その人の場合には、自己アピールの資料と面接だけというAO入試で入ってきました。その人がどれほどの人か私は1時間ぐらい話しただけなんでわからないんですけれども、基本的にはそういうパスもあって、大学入ってちゃんと発言したいというふうに気持ちが変わったときに、これは宣伝じゃないですけれども、慶應の場合そういう人も「面白い」ということになれば入れちゃうというようなところがある。その学生がどのぐらい伸びるかはわかりませんが、21歳ですけれども、日本を変えると言っている。そういうのを受け入れてがんがんやりましょうと。大学そういう経路ができていればいいのかなって思います。
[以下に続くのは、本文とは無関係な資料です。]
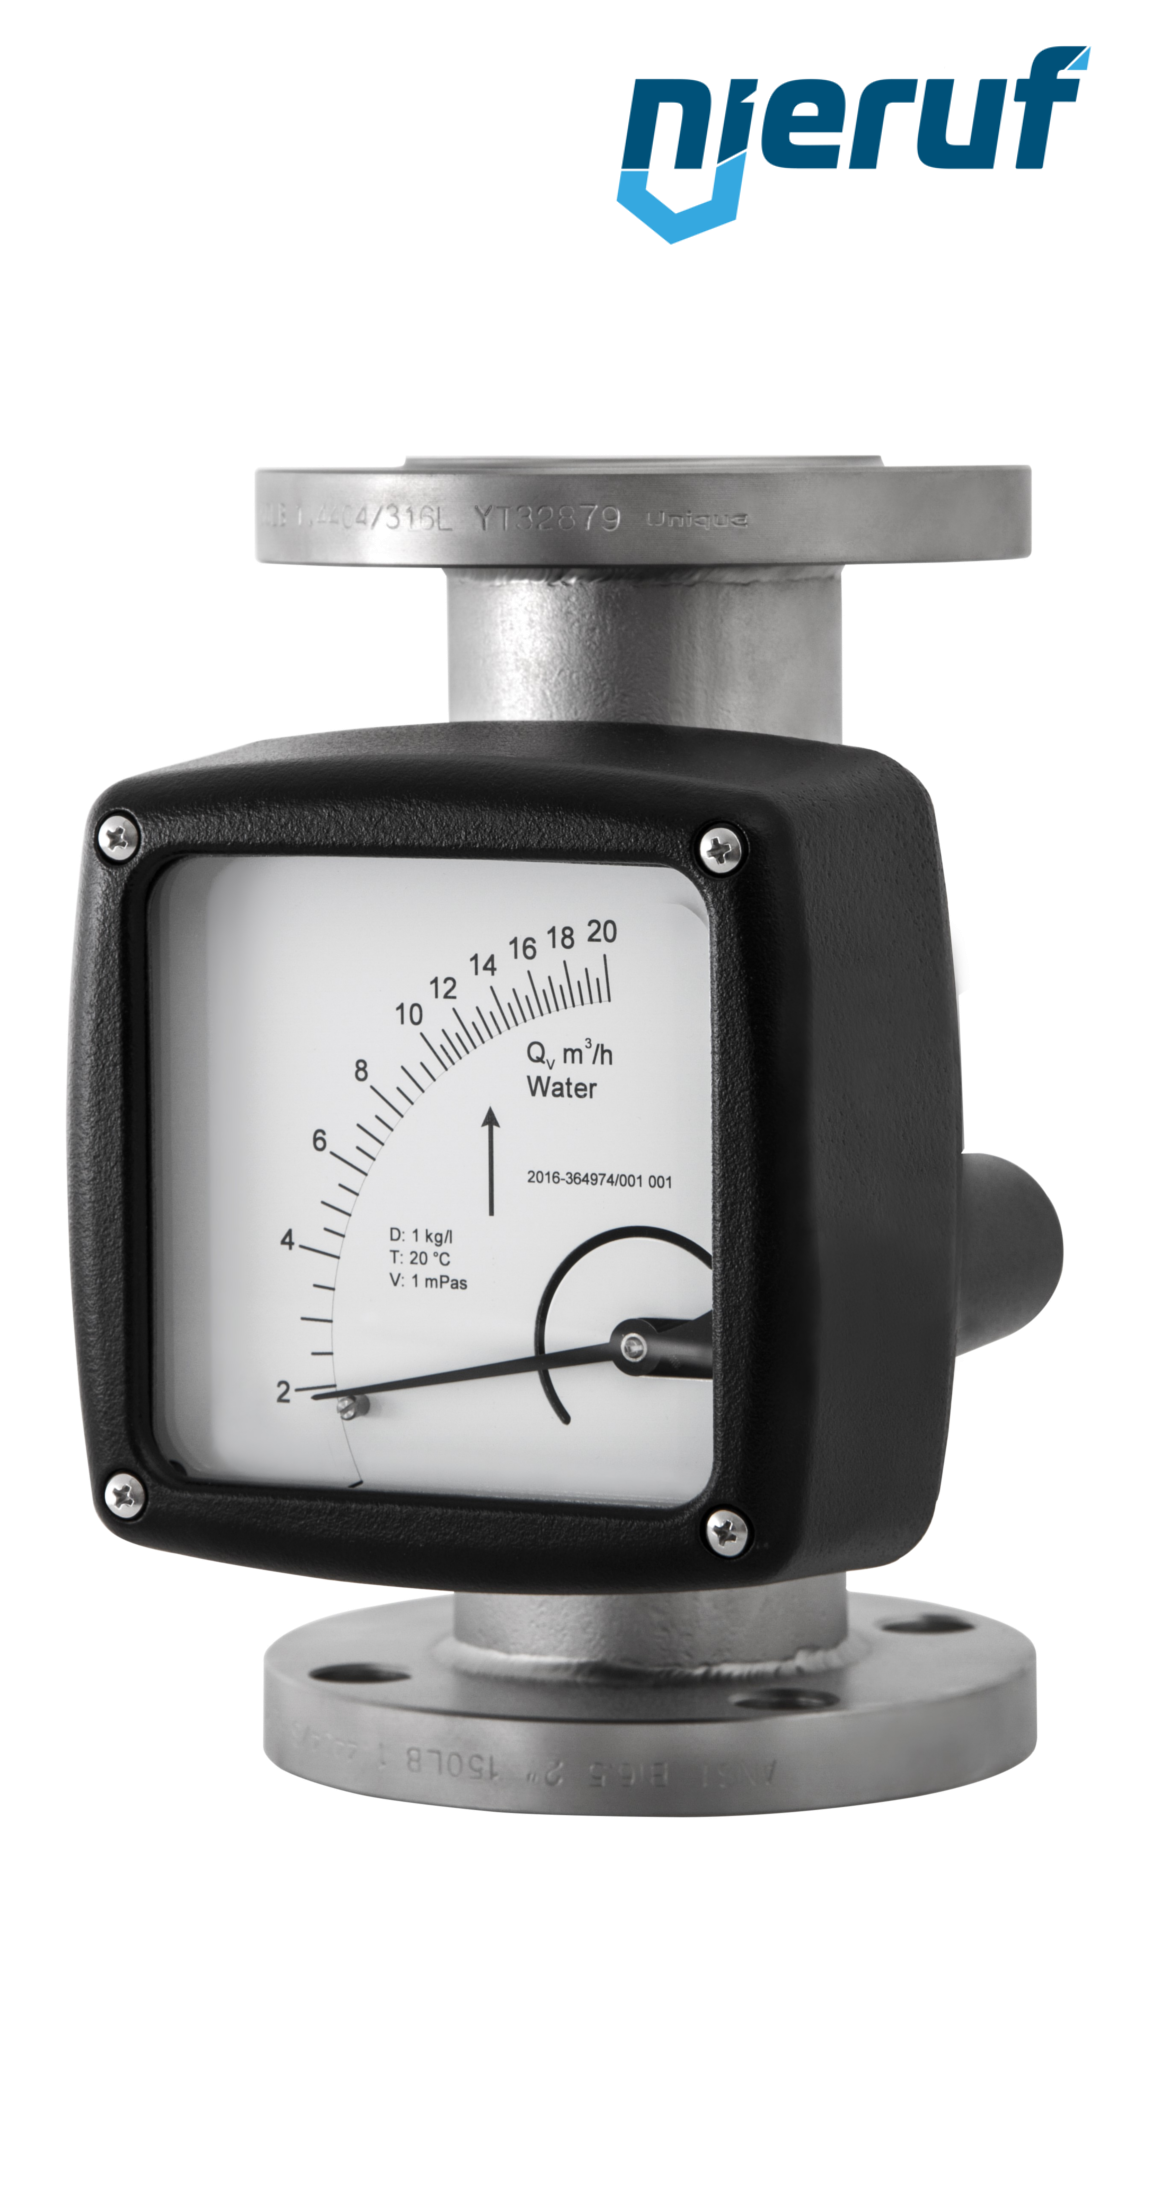 misuratore di flusso / rotametro completamente in metallo DN20-attacco 400,0 - 4000,0 l/h tubo DN25 acqua

もう一つ、幼稚舎の6年生は、算数については、がんがんやる子と、ゆっくりやりたい子とで児童のタイプ別にして、3クラスあるんですけれども、全部一緒にしてタイプ毎に5つに分けました。ゆっくりやる方の2つは、算数の専門家というか、大学のときに算数を専攻していた人に教えてもらうようにしました。保護者からなぜタイプ別としたのかと疑問が出るのかなと思いましたけれども、特にないようです。子どもに聞くと、ゆっくりやる方のクラスにいた子は、何か今までより30倍楽しいとか言っていまして。

【町村総理補佐官】小学校6年生ですか。

【金子主査】6年生です。5年生も今、すこし別の形で分けました。6年生は3人の担任が集まって5クラスに分けるよと。いろいろと工夫して、がんがんある子と、わかっていると思ってわかってない子とか、それで自分たちで選ばせて、大体自己申告どおりいった。2〜3人トレードしたらしいんです。

幼稚舎はひとクラス今は44人ですけれども、算数の教室みていると、すぐに分かる子はがんがん手を挙げて。そうすると、どうしても先生の注意はそっちに行きますね。そうすると分からない子は鉛筆なめているか、人を突っついているかで、これを分けた方がいい。

 言いたいのは、幼稚舎はひとクラス今は44人ですけれども、算数の教室みていると、すぐに分かる子はがんがん手を挙げて。そうすると、どうしても先生の注意はそっちに行きますね。そうすると分からない子は鉛筆なめているか、人を突っついているかで、これを分けた方がいい。

 幼稚舎の場合にはこういうことをやろうとしても、特に問題は起こらないという雰囲気があることです。保護者にちゃんと話して、こういう意図でやるということをお話ししました。というのは別にどんどんやるタイプのクラスに入ったからと言って、中学校に入学できやすくなるということは全然ない。世間では、習熟度でクラス別にすると、何かすぐ能力別だから反対と言われちゃうという雰囲気がありますけれども、算数についてはもうやはり分けた方がいいように思います。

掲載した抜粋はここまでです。